The very same EDC that threw caution to the winds with 38 Studios negotiated a deal with Amgen that provided tax credits and other incentives to come here, as every state has to do to capture new capital investment. Rhode Island did the same thing with Fidelity to bring the financial services giant to Smithfield, another solid success. It’s so obvious now how big the divide is between bringing an Amgen or Fidelity to Rhode Island than it is to throw $75 million at a fledgling video gaming company whose products – not that 38 Studios even had a single product when we inked the deal with them – target teenage boys.

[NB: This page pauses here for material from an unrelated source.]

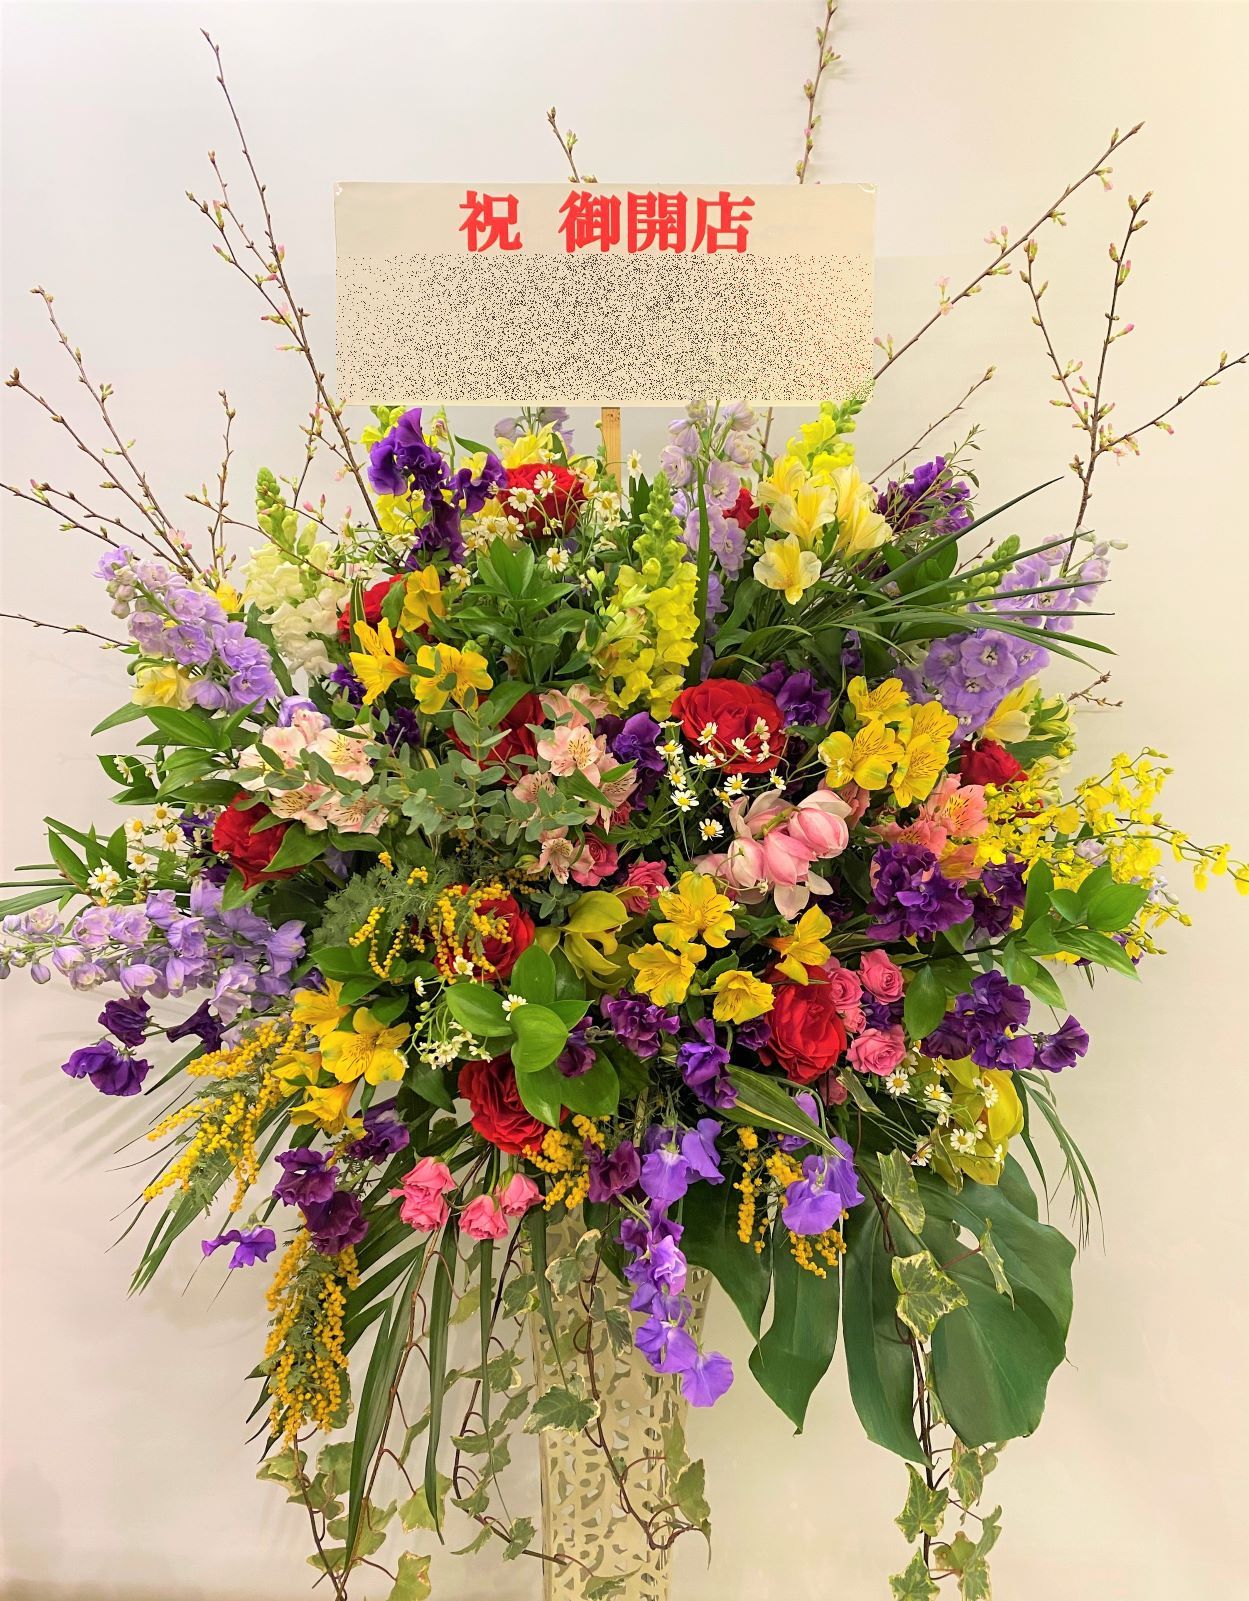 横浜市神奈川区松本町へスタンド花を配達しました。【横浜花屋の花束・スタンド花・胡蝶蘭・バルーン・アレンジメント配達事例870】

What’s even more bewildering is the fact that securing Amgen and Fidelity was accomplished during the first administration of Governor Don Carcieri, a former banker and Cookson America executive, while 38 Studios came about in the waning days of his second administration. How could much the same folks – to include the EDC board and the legislative leadership – abandon the thoughtful approach that landed Amgen and Fidelity to jump after 38 Studios and an industry – video game software development – that is well understood to be high risk? And especially after our Bay State neighbor, offered the same carrot, passed on it. 

This kind of erratic behavior by Rhode Island leaders has been noted by credit rating agencies and gets factored into the state’s dismal business scores. 38 Studios proves the wisdom of a more rational, realistic economic development approach based on fundamentals and risk measurement – the kind of process we engaged in with Amgen and Fidelity – as opposed to a wink-wink crapshoot. 

Rhode Islanders should wish Amgen the very best in winning the LDL super drug race. It will be good for Rhode Island, good for Amgen, and good for all individuals who have cholesterol issues. Plus, if you own Fidelity or other mutual fund stocks that are invested in Amgen, you’ll make some money!